Feet hanging over the edge are fine. You'll have that especially once you have a RFing toddler. They figure out how to sit comfortably. Kids are so flexible.

The rule for RFing carseats is that the child must have at least 1" of shell above the head, be within the weight limits & straps at or below the shoulders.

I'm really hoping to make it through winter with my 6mo in his infant seat. He's short & only 17lbs so we might make it.

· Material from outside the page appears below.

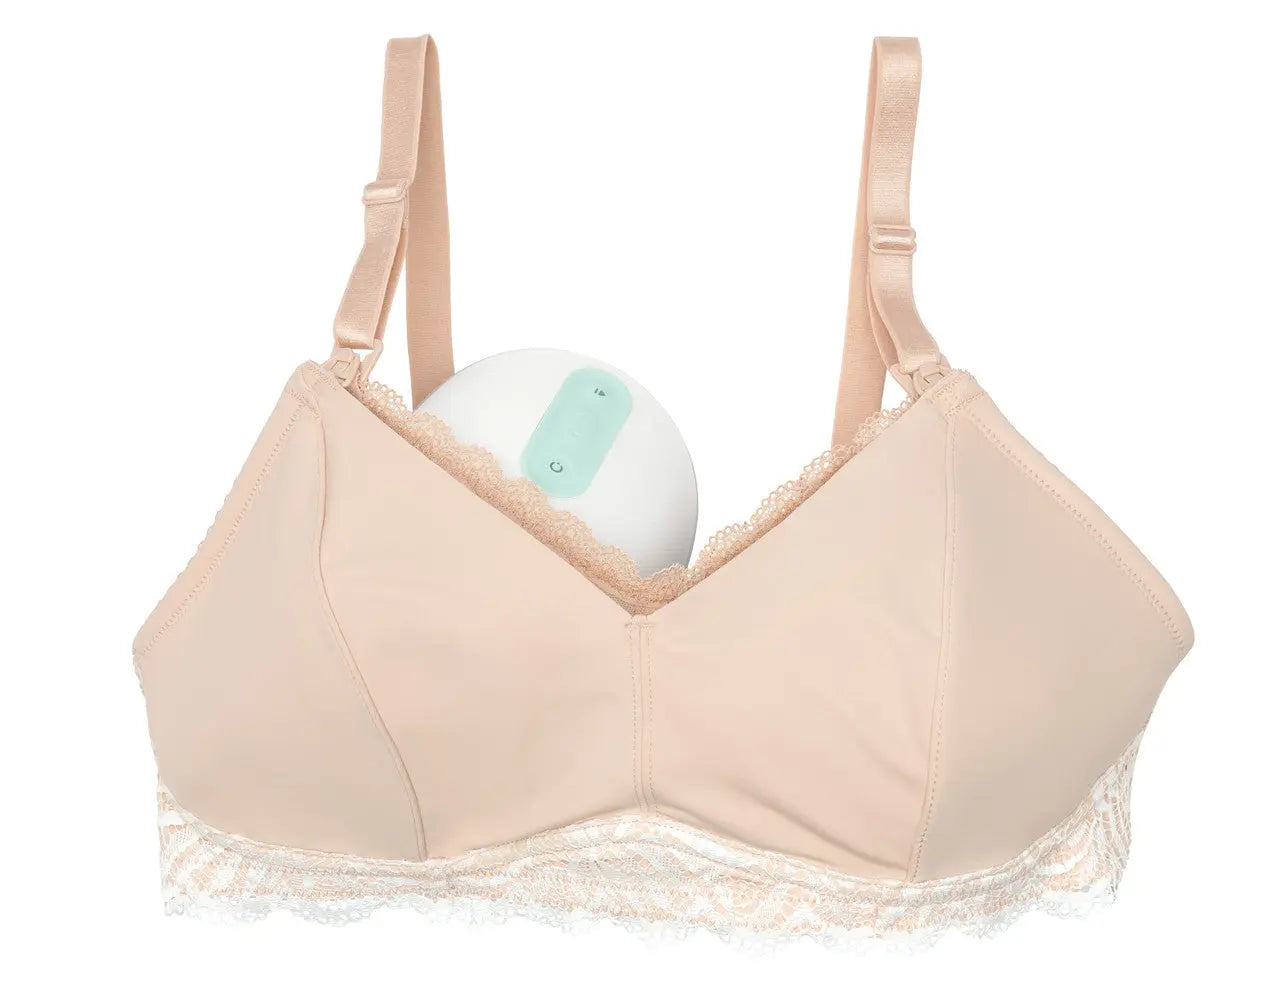 Any ideas on pumping bras for large breasts. Im a 36G.

It is nice to be able to bundle up inside the house when it is cold outside.

A fleece poncho is excellent for winter months when you make the move to a convertible. That's what we have done with our almost 2yo.


----------



## BeckC (Nov 27, 2006)

It's perfectly safe to have his feet touching the back of the seat and even to have them curled up or crossed. Like a PP said, that's what will happen as he gets older. The minimum to keep kids rear facing is 1 year and 20 lbs but they are sooo much safer after that to the maximums of their seat. Here are a bunch of pictures that show older kids rear facing. You can see what they do with their legs.

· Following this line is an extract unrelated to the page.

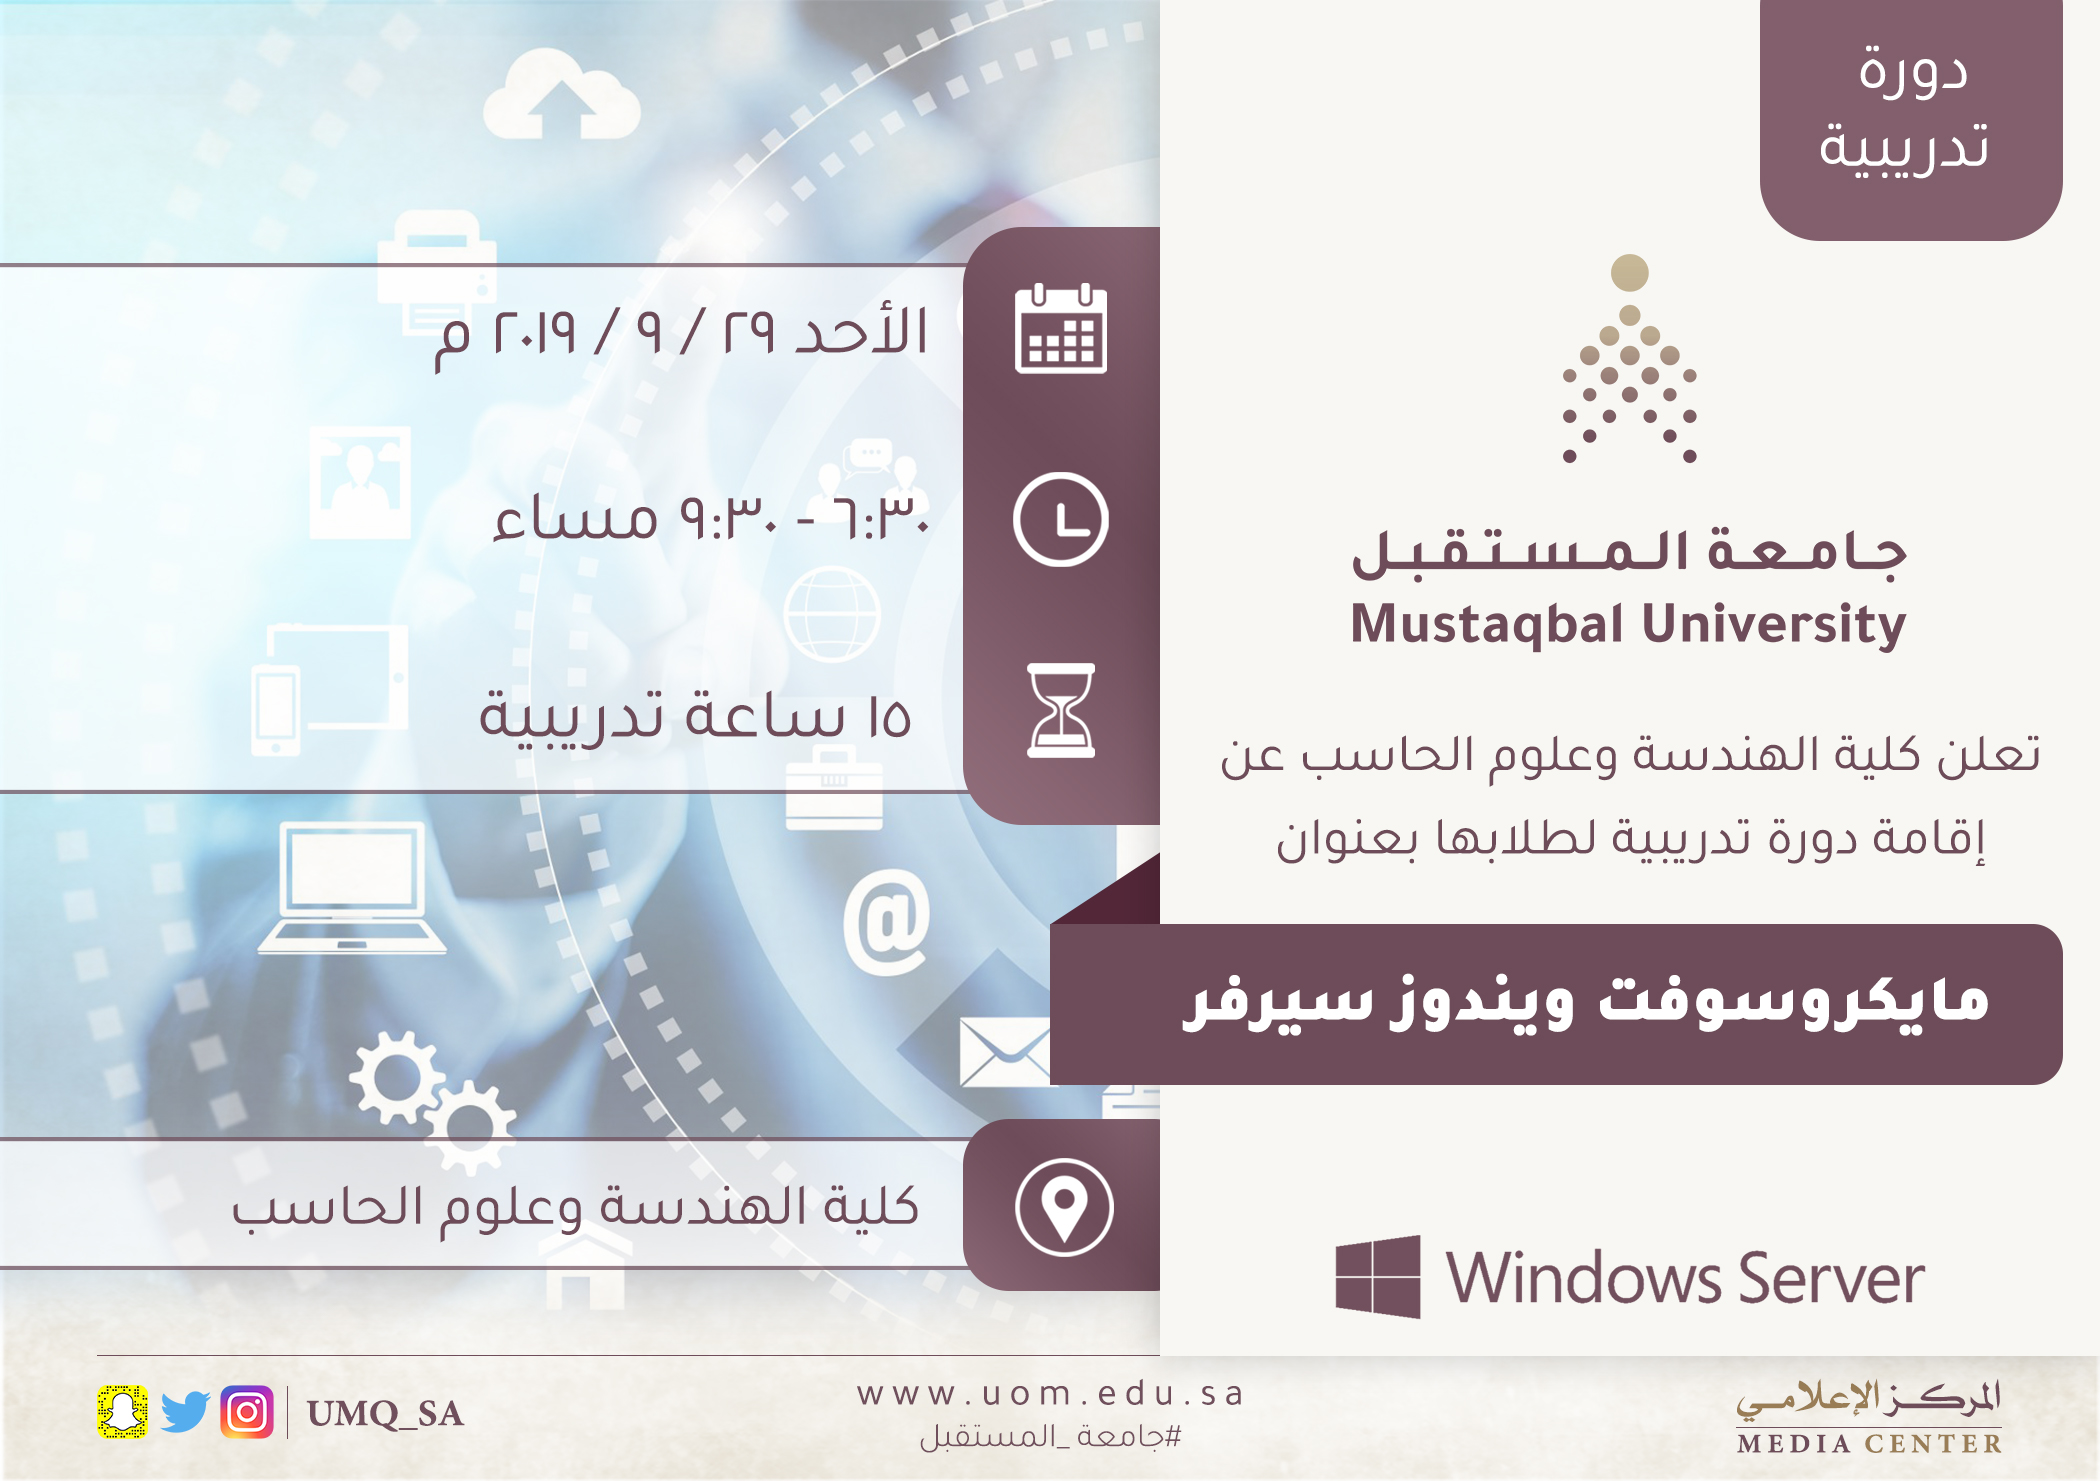 A training course for its students entitled “Microsoft Windows Server”

http://www.cpsafety.com/articles/RFAlbum.aspx

Keep in mind that for the winter months, whether your lo is in a convertible or an infant seat, you dont' want to have any bulky coats on the baby. A fleece jacket or a poncho is great. You can also tuck blankets around baby after he or she is all buckled in or even put a coat on the kiddo after you buckle the harness. You just don't want anything bulky getting between child and harness.


----------



## syd'smom (Sep 23, 2008)

Yep - no worries. The 2 rules for carseats are weight limit and 1" of shell above the baby's/kid's head. DD is almost 2 and still rfing in her radian. There are some crash test vids on youtube that will show you why rfing is better. And actually, I would rather have my legs supported and crossed than dangling without support the way they would ffing. Just keep your eye on the weight and top of the head and you'll be all good!


----------



## an_aurora (Jun 2, 2006)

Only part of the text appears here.